10 It will be convenient to deal with grounds 1 and 3 together as the issues thrown up in respect to these two grounds overlap.
11 The issue of the appellant's credit was one of, if not the most vital, issue in the case. It was all the more important because the complainant at least had some support for his version of events as Mr Cook, who was an employee of the club, walked into the urinal and observed certain things taking place which were unfavourable to the appellant’s case.
12 The Crown Prosecutor immediately attacked the appellant in cross-examination about his lying to the police. He persisted with this cross-examination which is recorded over some pages of the transcript. No complaint can be made about the Crown Prosecutor's attack on the appellant on this issue. More importantly, however, he proceeded in his cross-examination to put to the appellant that the complainant and the other Crown witness, Mr Cook, were, on the appellant's version of events, lying.
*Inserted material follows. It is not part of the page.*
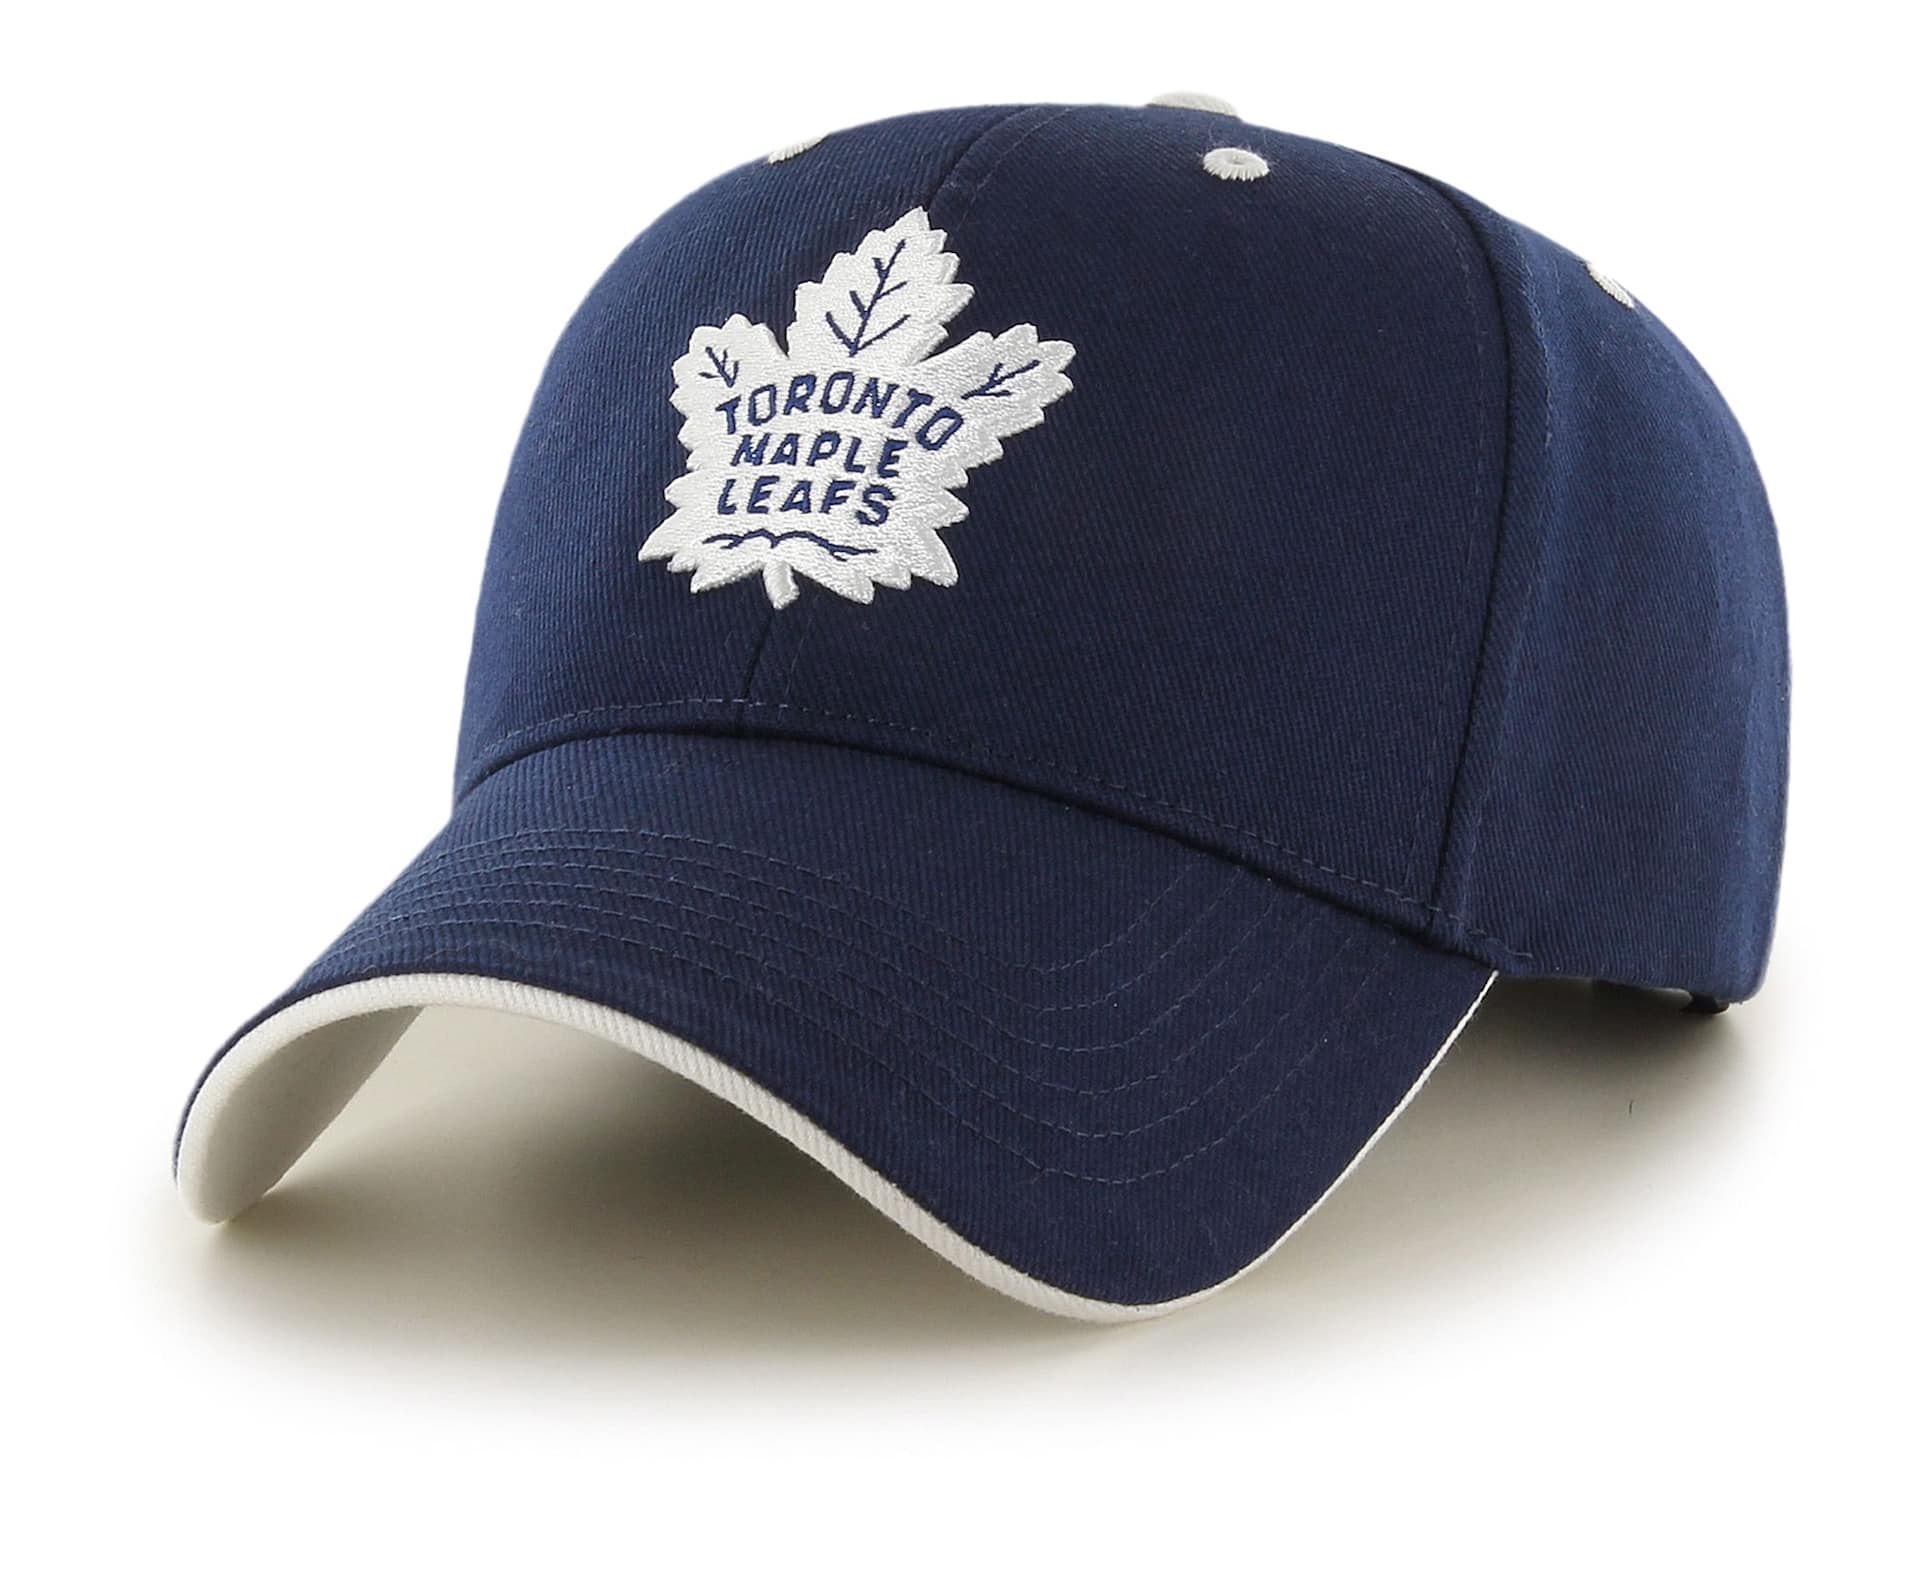 Fan Favourite NHL Toronto Maple Leafs Mass Money Maker Cap

13 The Crown put to the appellant the version of Mr Cook that he observed the appellant with a wallet in both hands, looking through it. The appellant answered, "That's what he's saying." The Crown pressed him (AB74):
"Q. Yes. He's got it wrong, has he?
A. Yeah.
Q. Telling lies?
A. Must be.
Q. And Mr Drummond's telling lies of course?
(No verbal reply)
Q. That's what you're saying isn't it?
A. Yeah.
Q. And the witnesses--
A. Well, like I told you, I got hit once and I hit back once.
Q. So Mr Drummond's telling lies?
A. I didn't you know - I don't hit for no reason anybody.
Q. Mr Drummond's telling lies, that's what you're saying?
A. Yeah.
Q. And I suppose the witnesses who saw marks to Mr Drummond's forehead and the swelling to his lip, as well as the cut and swollen eye, are they telling lies as well?
A. Look, as I said, I hit the person once after he hit me.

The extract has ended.